Schemata uses 80+ unique regex patterns across hundreds of JSON Schema files to validate Nostr data structures. This document catalogs every pattern, organized by category, with examples and codegen classification.
- 1. Cryptographic
- 2. Network
- 3. Nostr Coordinates
- 4. Numeric
- 5. Structured Metadata (imeta)
- 6. Identity
- 7. Protocol-Specific
- 8. Codegen Pipeline
Hex-encoded cryptographic values used throughout Nostr events.

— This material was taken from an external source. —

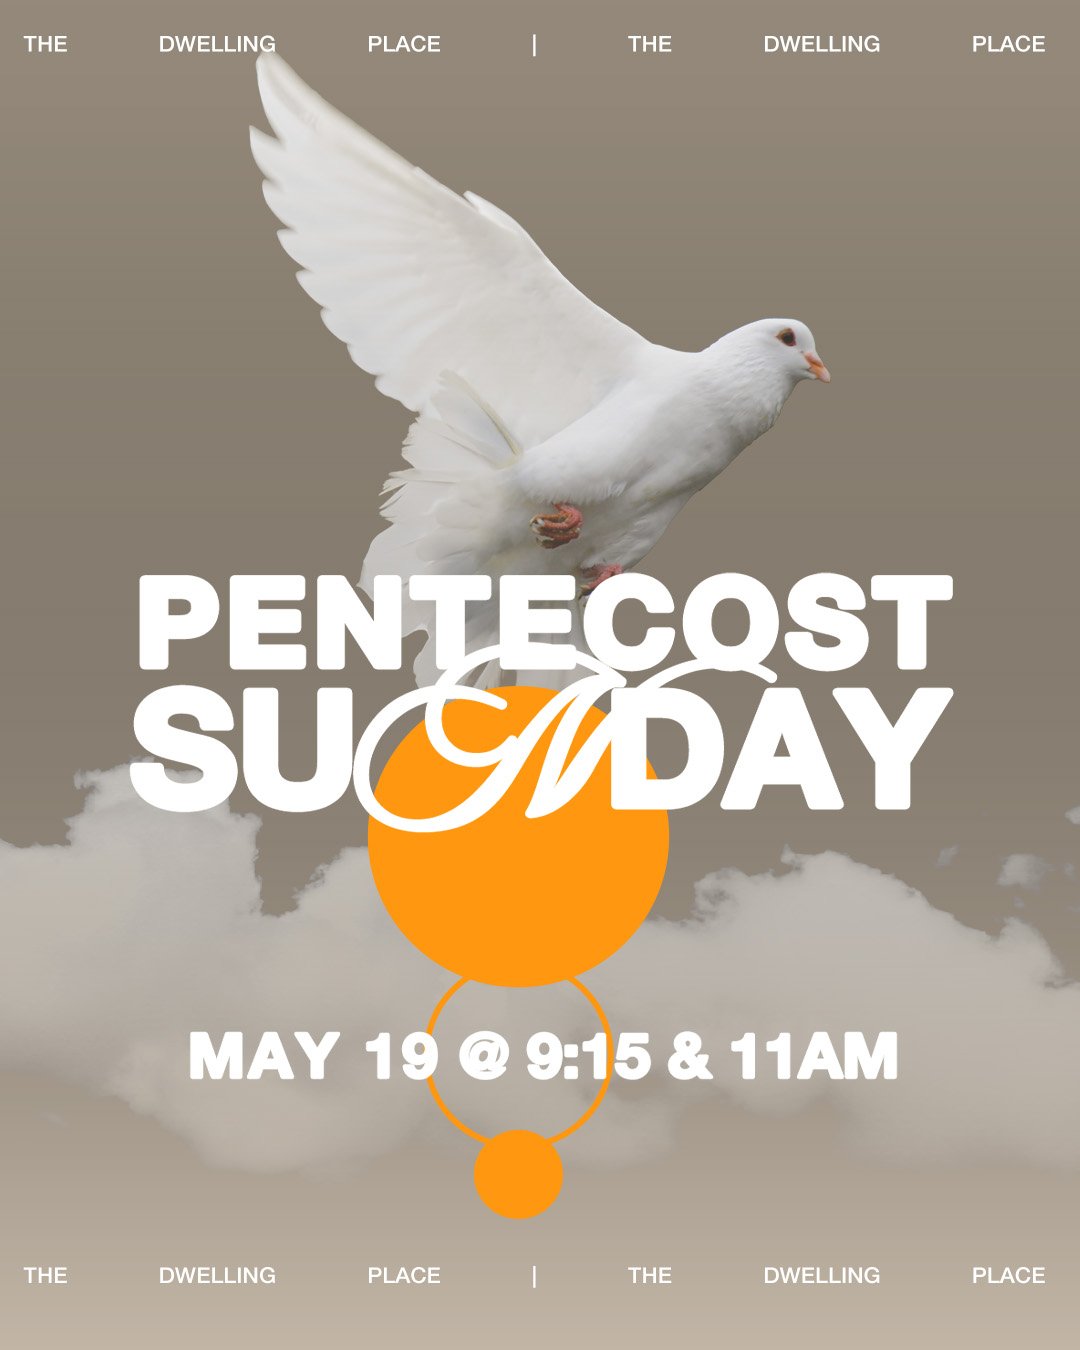 Join us this Sunday for Pentecost Sunday at New Life! When the day of Pentecost came, they were all together in one place. Suddenly a sound like the blowing of a violent wind came from heaven and filled the whole house where they were sitting. They s

| Pattern | Description | Used For | Codegen Op |
|---|---|---|---|
^[a-f0-9]{64}$ |
32-byte lowercase hex | pubkey, event id, shared secret | hex(64, lower) |
^[a-fA-F0-9]{64}$ |
32-byte mixed-case hex | SHA-256 hash (case-insensitive) | hex(64, mixed) |
^[a-f0-9]{128}$ |
64-byte lowercase hex | Schnorr signature | hex(128, lower) |
^[a-f0-9]{40}$ |
20-byte lowercase hex | Git SHA-1 hash | hex(40, lower) |
^[a-fA-F0-9]{40}$ |
20-byte mixed-case hex | SHA-1 hash (case-insensitive) | hex(40, mixed) |
^[a-f0-9]{7,40}$ |
Abbreviated git SHA | Git short hash | hex_range(7, 40, lower) |
^0x[0-9a-f]{4}$ |
4-digit hex with 0x prefix |
Color codes, identifiers | hex_prefixed("0x", 4) |
| `^(02 | 03)[a-f0-9]{64}$` | Compressed secp256k1 public key (33 bytes) | NIP-61 P2PK pubkey tag |
Examples:
- Valid pubkey (x-only):
a1b2c3d4e5f6a1b2c3d4e5f6a1b2c3d4e5f6a1b2c3d4e5f6a1b2c3d4e5f6a1b2 - Valid compressed pubkey (P2PK):
0229f1fad861410f3dcabb3cd75ceb0e8b7cc6a8d1fa17dbd10e8133c000326a96 - Valid signature: 128 hex chars
- Invalid:
A1B2C3...(uppercase in lowercase-only field),xyz123(non-hex)
URL patterns for relay WebSocket connections, HTTP endpoints, and streaming protocols.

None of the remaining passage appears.